• WHAT NEEDS TO BE DONE: Render every line of the data exactly as written, and leave out the pictures.

• INFORMATION SUPPLIED:
= = = = = = =
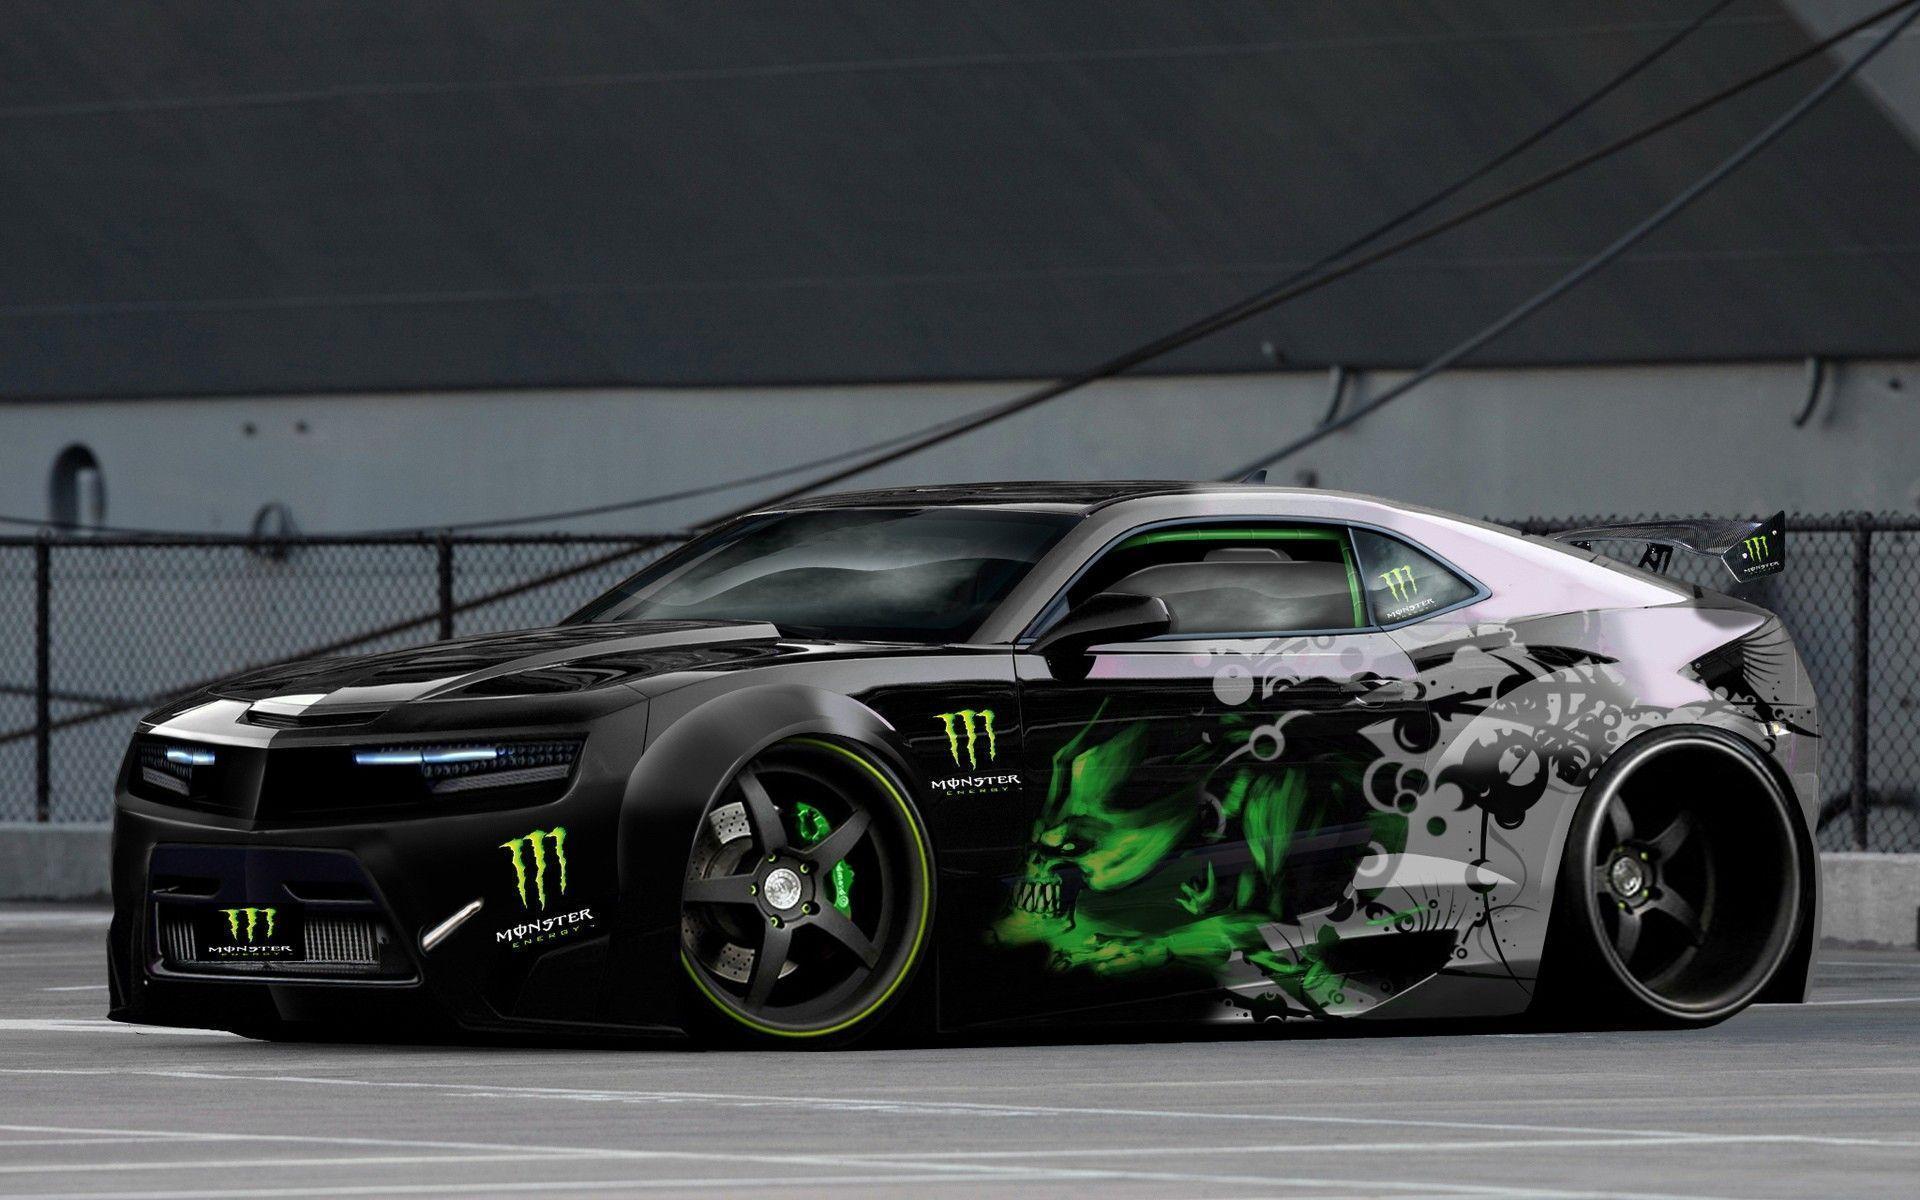 Monster Energy Wallpaper 2015 Hd - WallpaperSafari
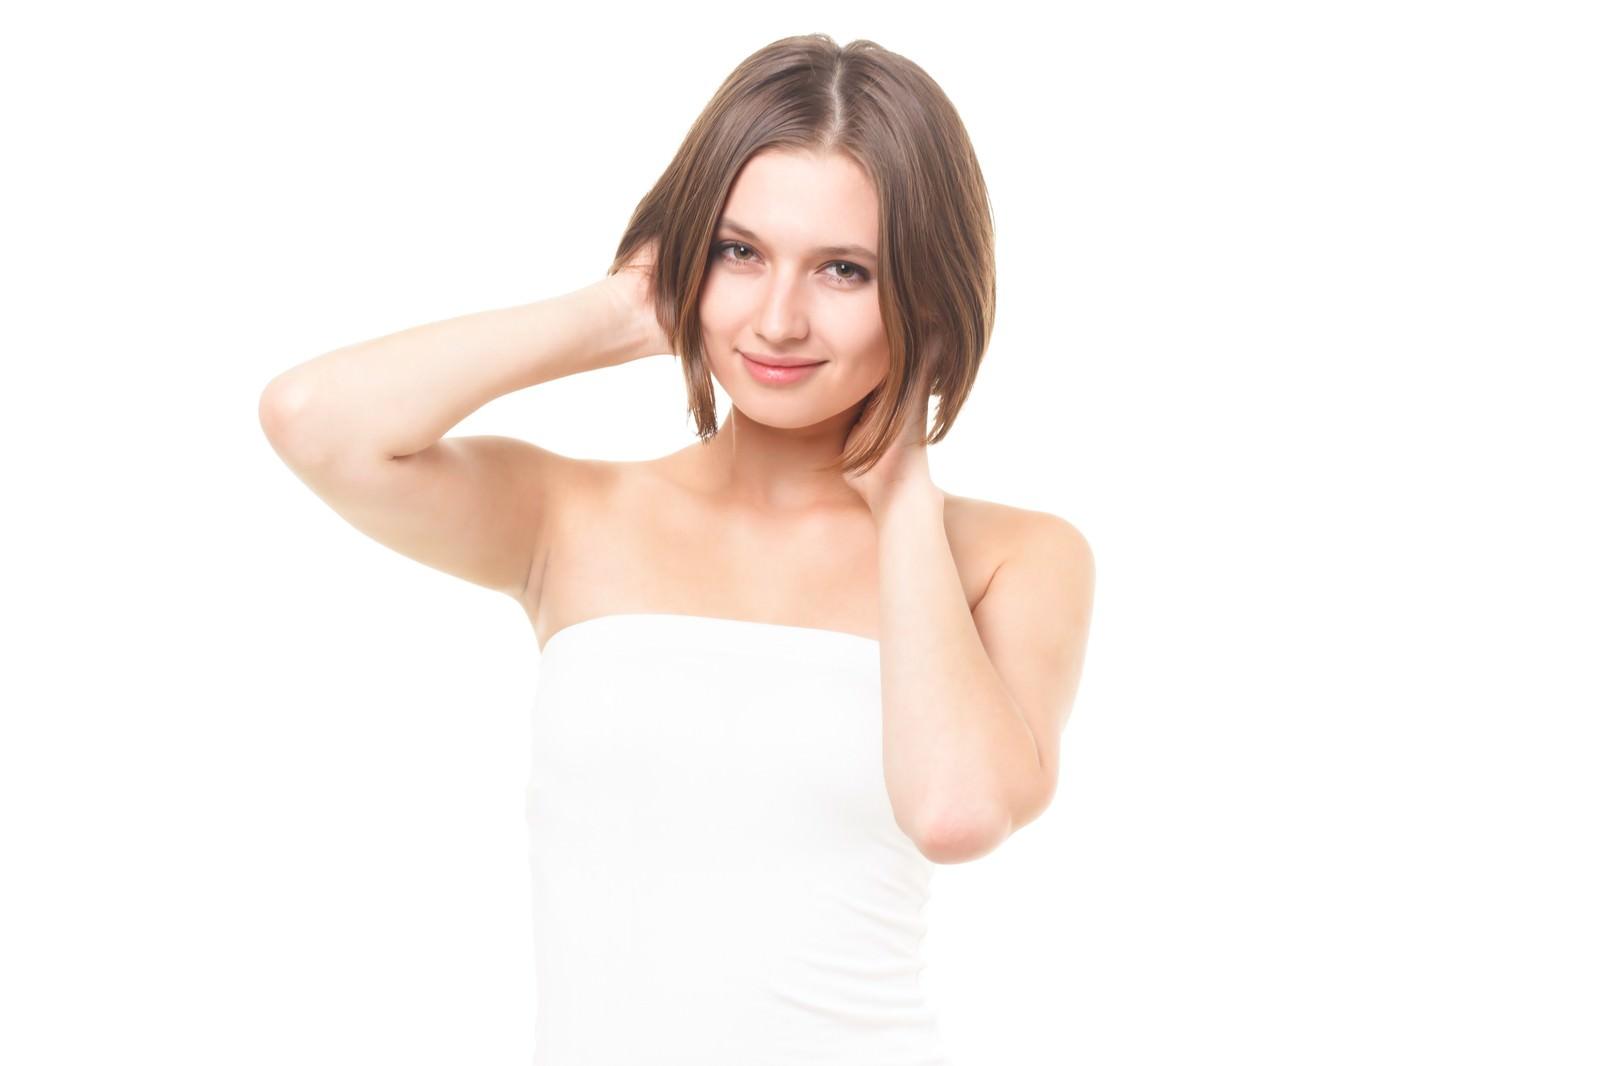 「髪をかきあげる美しすぎるロシア人美女髪をかきあげる美しすぎるロシア人美女」[モデル:モデルファクトリー]のフリー写真素材を拡大
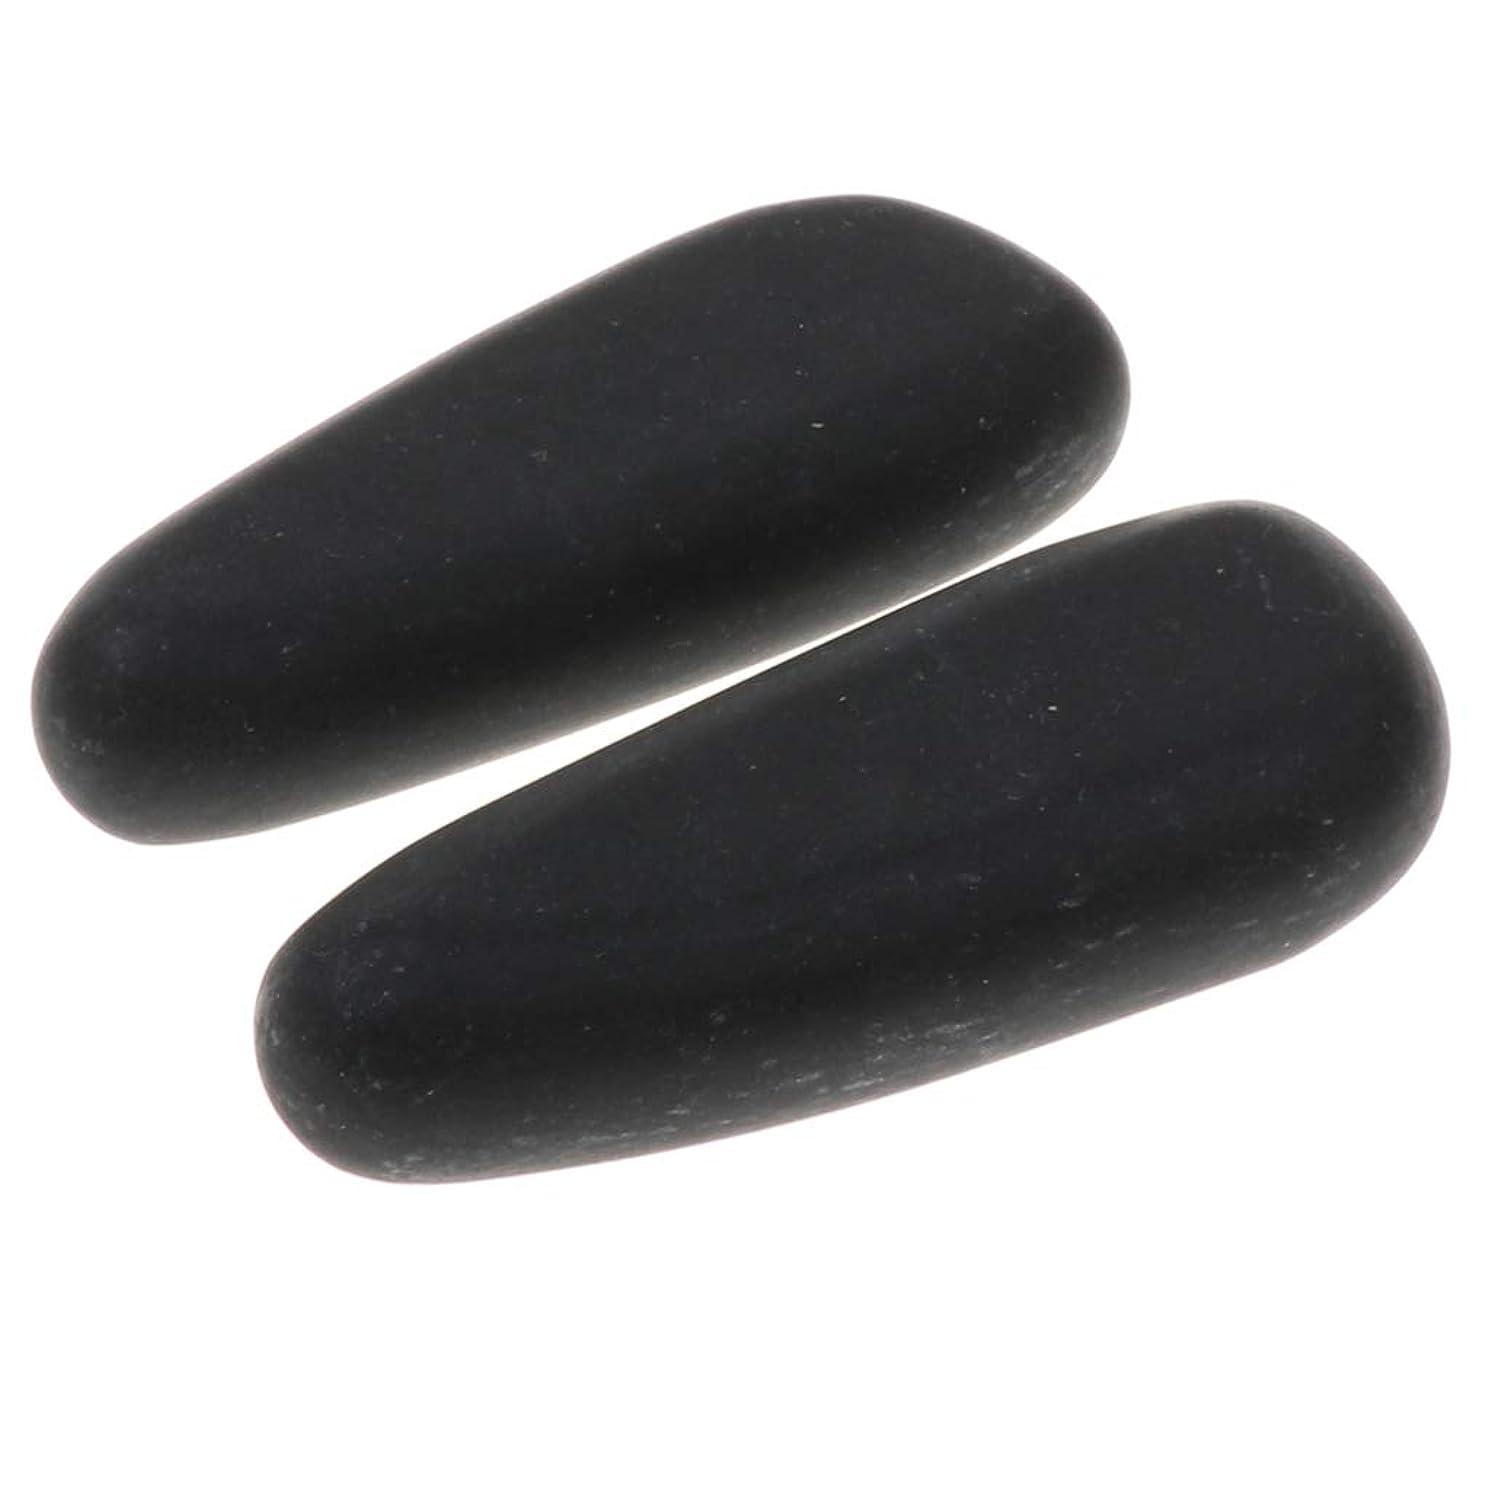 独裁餌アーチgazechimp ホットストーン マッサージ石 マッサージストーン 玄武岩 ボディマッサージ 2個 全2サイズ - 8×3.2×2cm
= = = = = = =
• TASK SOLUTION:
 Monster Energy Wallpaper 2015 Hd - WallpaperSafari
 「髪をかきあげる美しすぎるロシア人美女髪をかきあげる美しすぎるロシア人美女」[モデル:モデルファクトリー]のフリー写真素材を拡大
 独裁餌アーチgazechimp ホットストーン マッサージ石 マッサージストーン 玄武岩 ボディマッサージ 2個 全2サイズ - 8×3.2×2cm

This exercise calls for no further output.